Before you package your app, you should go through each of the six tabs for configuring the ­package.appxmanifest and consider every option you have:

• Application: Name your app well! Along with the store logo, this is probably the very first thing your potential users see about your app, so naming it something generic is not effective. Try to pick an interesting name that also indicates the purpose of the app.
• Visual Assets: In the last example you added tiles to the app. You should ensure that there is at least one image for every category on the Visual Assets tab.
• Capabilities: On this tab you specify which capabilities your app requires. Be warned that users will view your app suspiciously if it requires capabilities that don't appear reasonable. For instance, if you require access to the chat messages on the device, there had better be a good reason; otherwise it is likely that this will be seen as a potential breach of privacy. Most apps shouldn't require more than a few capabilities, but you must pick all that you use. If you don't accurately specify what you need, then the app will receive an access denied exception when it tries to access the resource.
• Declarations: On the Declarations tab, you can register the app as a provider of services. For instance, if your app works as a search provider, then you can add this declaration to the app and specify the required properties.
• Content URIs: If your app navigates to a remote page, it will have limited access to the system. You can use Content URIs to give a web page access to geo-location devices and the clipboard.
• Packaging: On this tab you can set the properties of the package, including the name of the developer/publisher, the version of the app, and the certificate used to sign the package.

Creating the Package

Once you have specified all you need in the appxmanifest, you are ready to package your app. You can do this directly from Visual Studio by selecting Store Create App Packages. This will launch the Create App Packages wizard. A few steps into the wizard you will be required to log in with a store account. If you don't have one, you must create one. You must have a store account to be able to publish to the app store and to be able to get paid for your app.

At some point during the wizard, you will be shown the Select and Configure Packages page.

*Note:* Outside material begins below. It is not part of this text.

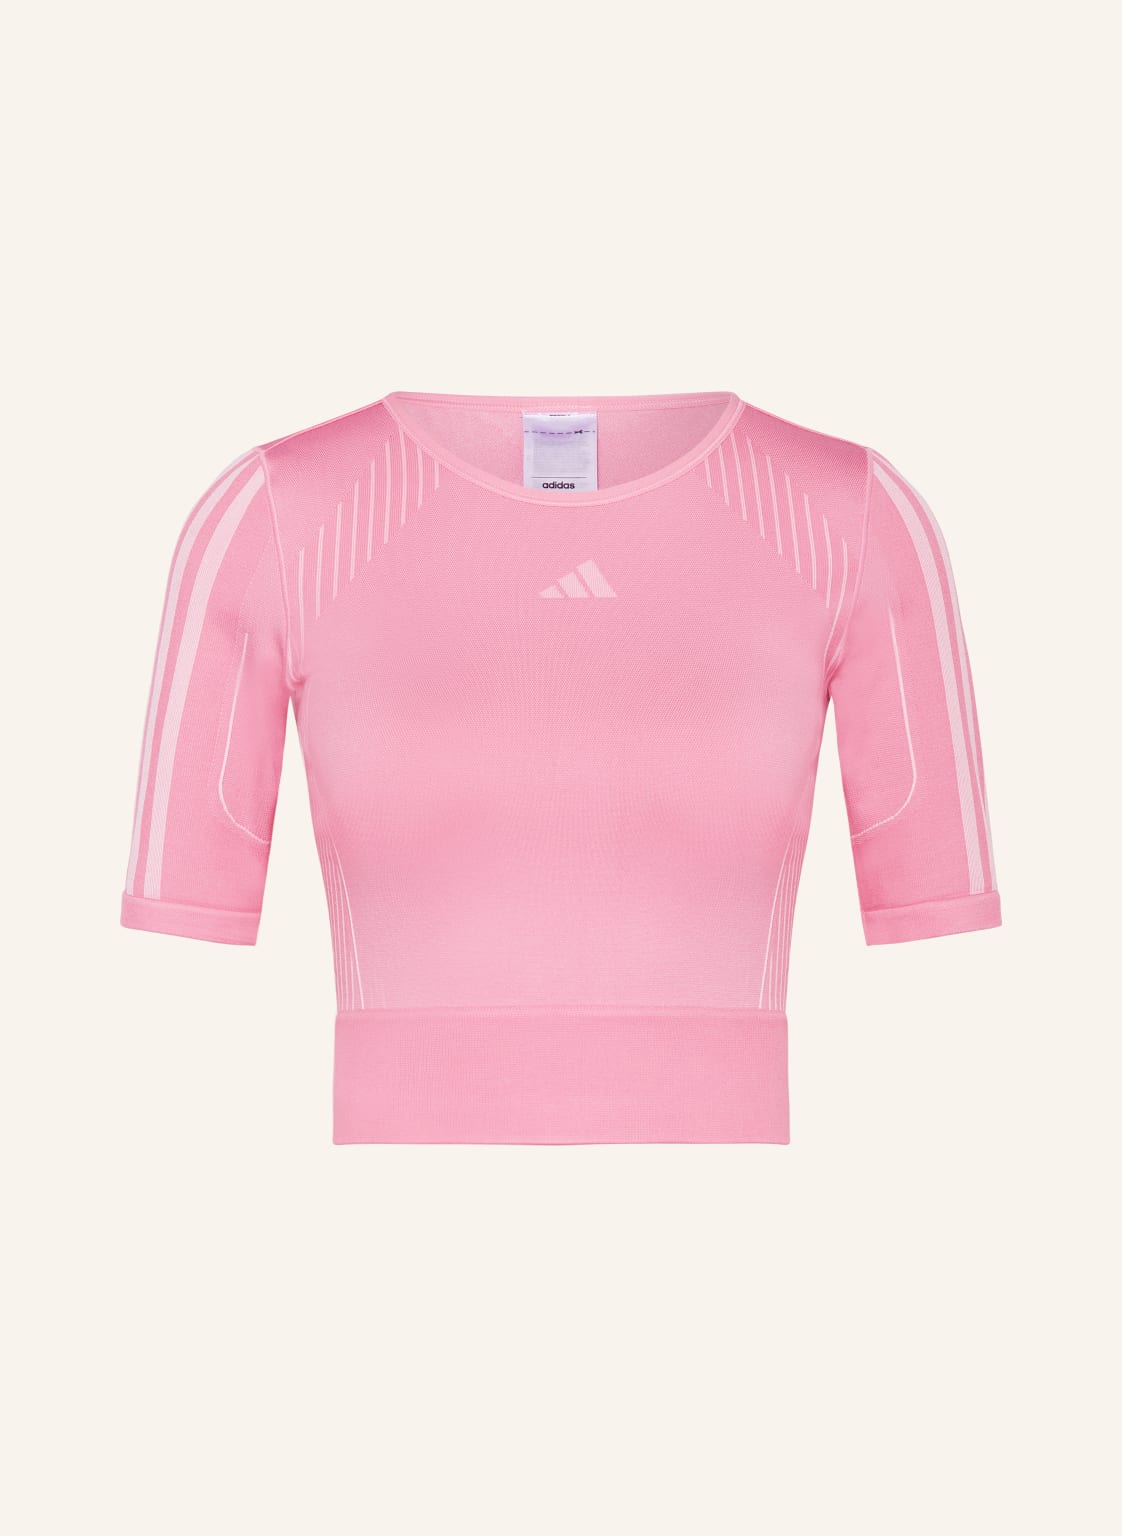 Adidas Cropped-Shirt pink von Adidas

On this, it is important to select all three of the target architectures (x86, x64, and ARM) to allow the app to be deployed to the widest range of devices.

On the final page you will be given options on how to validate that your app can be submitted to the app store. Launch the Windows App Certification Kit and learn if your app is ready to be submitted. If any problems are detected, you must fix them and go through the Create App Packages wizard again. If your app passes inspection, you can upload the package.